クラウドログの開発チームでエンジニアをしている寺島です。

普段は、プロダクトの機能開発を進めながら、お客様からの問い合わせに対する技術的なサポートを行っています。

私のいるチームは、技術的なサポートを担当しているという理由からリリース予定の決まった開発はあまりやらないチームだったのですが、ここ最近リリース予定の決まった開発+素早い技術的なサポートを行なっており、結構泣いています。

そういう背景から、ここ最近、業務の属人化についてちょっと考えることがあったのでつらつら書いてみようと思います。

業務の属人化とは?

業務の属人化とは、特定のメンバーや個人しか業務の進捗や進め方について把握できていない状態を指します。

一般的に以下のデメリットが挙げられます。

  • 業務がブラックボックス化し、品質が不安定になる
  • 特定メンバーが不在の場合、業務のボトルネックができやすい
  • 特定メンバーの退職や休職などで、培われた技術や知識が失われる可能性がある
  • 特定メンバーに業務負荷が偏る
  • 新たなやり方・アイディアが生まれない

このような状況になると、例えばその人しかできない作業を その人がいないとき にやりたい場合、困ってしまいます。

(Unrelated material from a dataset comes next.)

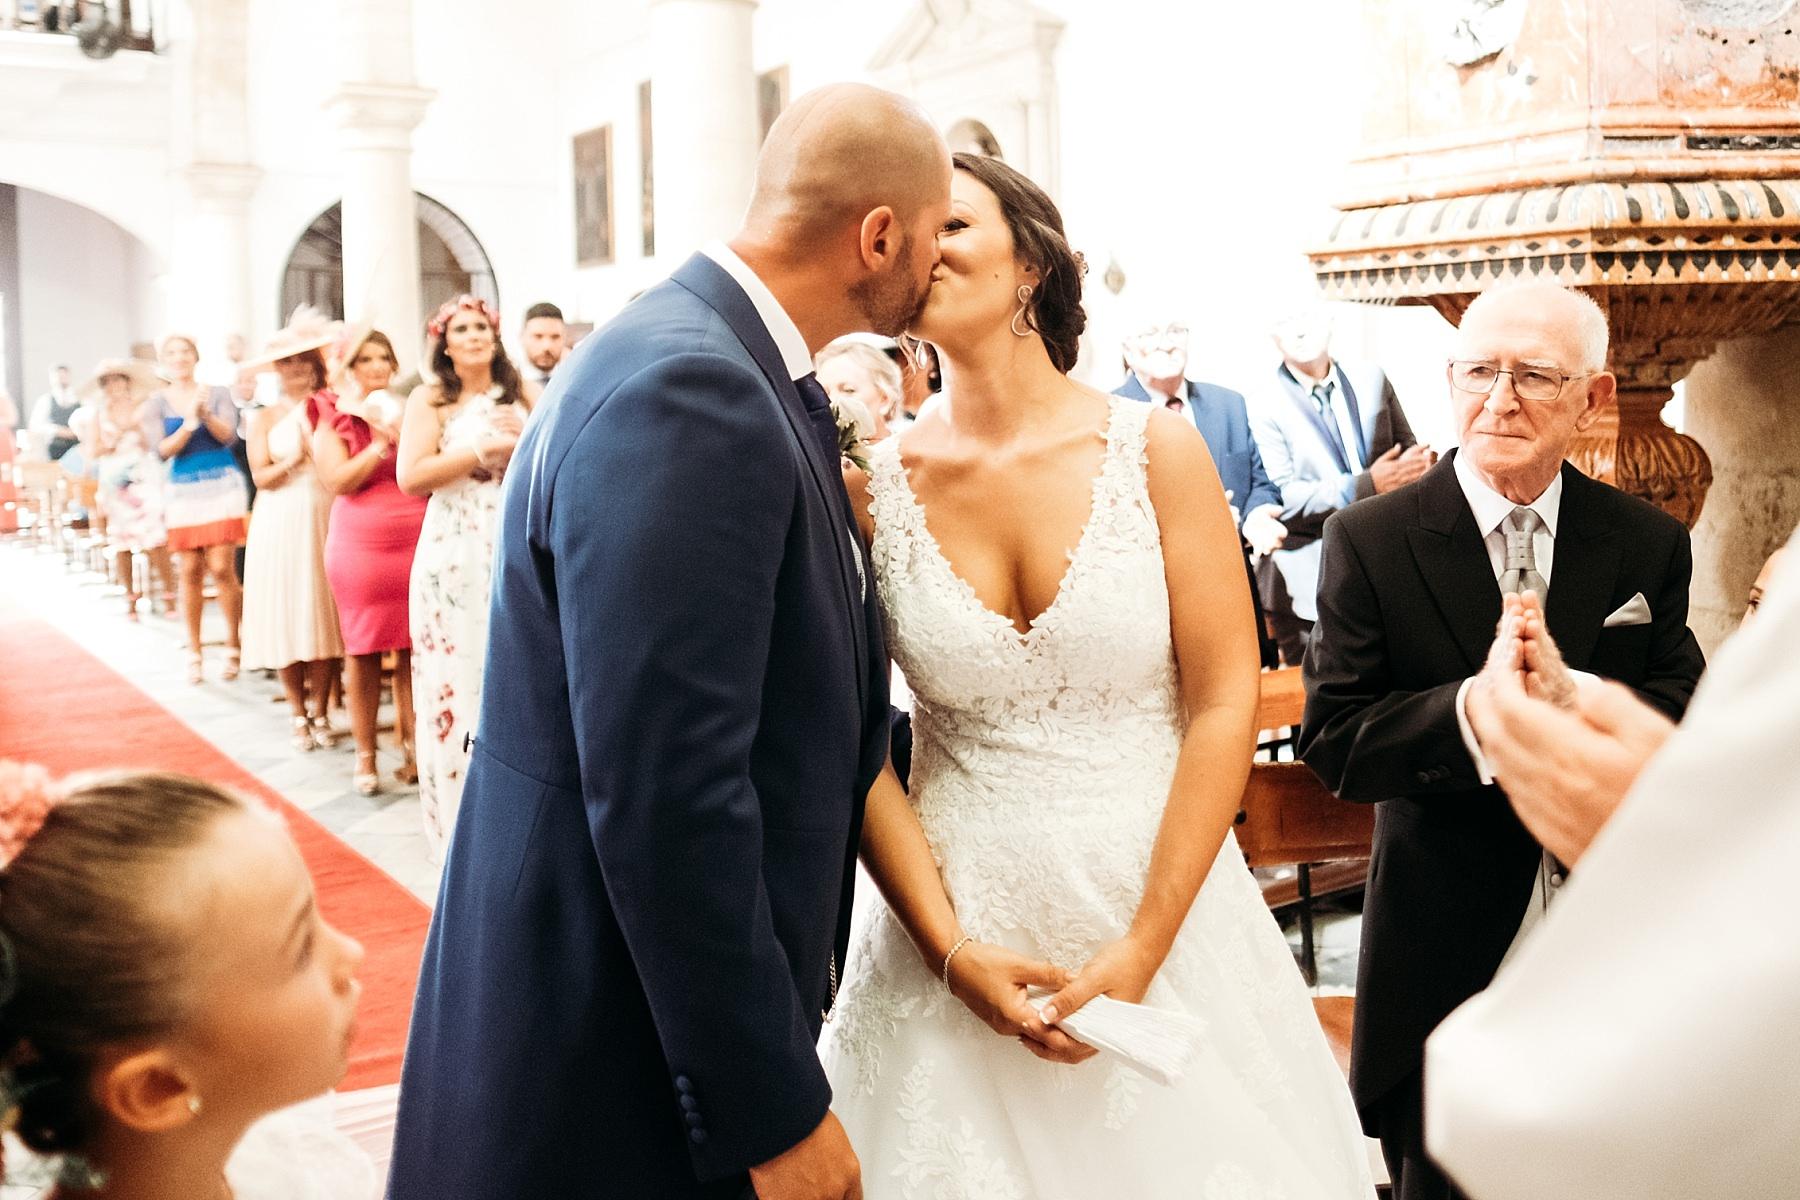 Boda en Puerto Real, Fotografo de boda

場合によっては、「専門知識が深化する」や「意思決定の迅速化」などのメリットも存在します。しかし、基本的に属人化のメリットは短期的なものが多く、長期的に見れば組織にとってのデメリットの方が目立つことの方が多いです。

クラウドログの開発チームは?

クラウドログの開発チームも例に漏れず、いろいろな属人化問題を持っています。

例えば、次のようなものがあります。

  • 特定のメンバーに問い合わせの技術的なサポート対応が偏っている
  • 特定のメンバーにリリース作業が偏っている
  • 特定のメンバーに旧システム1に関する開発や保守のノウハウが偏っている
  • 特定のメンバーにインフラ・セキュリティ・パフォーマンス等の専門知識やノウハウが偏っている

簡単に考えられるだけでもこれだけありました。深掘りすると、もっと見つかるんだろうな。一般的にどこのチームもこのような属人化問題を大なり小なり抱えていると思います。

なぜ属人化が起こるのか?

じゃ、なぜ開発チームで属人化が起きるんだろうか?という理由を考えてみました。

■ 属人化の影響を感じられていない説

属人化することによる悪影響や解消することで、どれだけ自分たちにメリットがあるか意識できていない状態。
そのため、現状維持を目的としたもの(関係者だけ読む前提)だったり、さらなる属人化を生み出すようなドキュメントが作られたりするのでは?という予想しています。

■ 知識や手順を整備できていない説

ドキュメントができていない(=一般化されていない)ケースが多いため、担当メンバーの頭の中に手順がある状態。

■ 知識や手順を活用できていない説

ドキュメントは整備できているが、それをうまくチームに説明し運用できていない状態。


他にもありそうですが、特に大きい理由だと思われるものを挙げてみました。どの状況が当てはまっても、業務の属人化が進んでしまいます。当然ですね。

属人化を解消するためにできること

ここまでの内容から、私の独断と偏見で属人化を解消するためにすべきことを挙げてみることにします。(アイデアレベルのものも含む)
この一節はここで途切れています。